# About this exercise:
Only these lines of the data below are wanted: the one with "Catalogue Ikea Salle", the one with "Desi Whole Milk Yogurt 5 lbs", and any lines between them, each repeated exactly.

# Records shown:
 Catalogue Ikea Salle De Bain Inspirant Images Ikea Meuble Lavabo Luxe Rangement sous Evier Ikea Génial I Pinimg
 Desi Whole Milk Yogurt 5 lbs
--
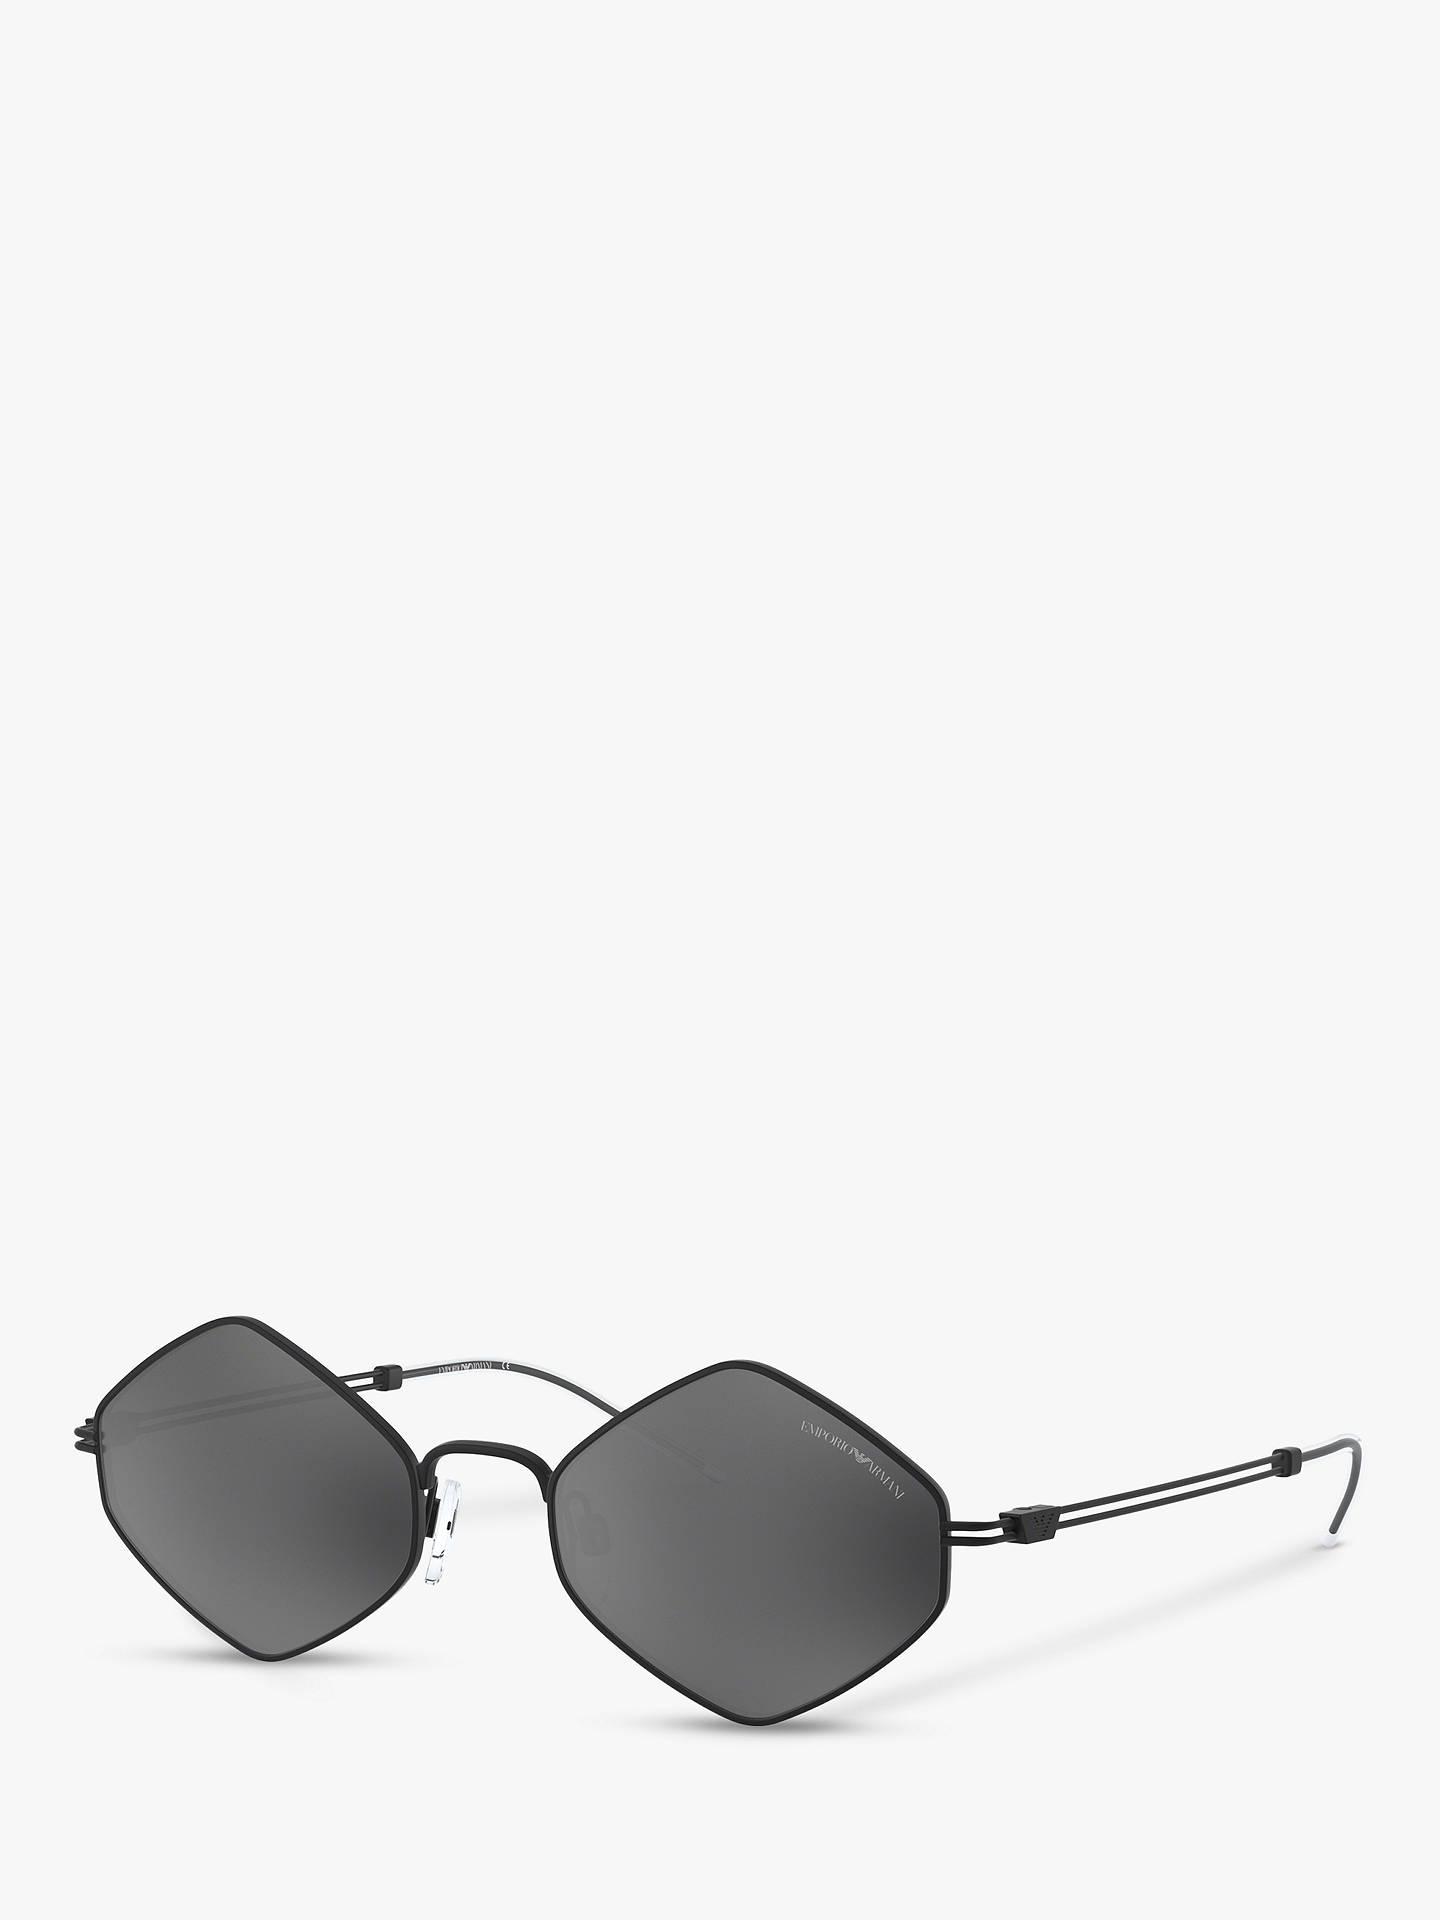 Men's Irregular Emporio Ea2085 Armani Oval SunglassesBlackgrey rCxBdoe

# Exercise result:
 Catalogue Ikea Salle De Bain Inspirant Images Ikea Meuble Lavabo Luxe Rangement sous Evier Ikea Génial I Pinimg
 Desi Whole Milk Yogurt 5 lbs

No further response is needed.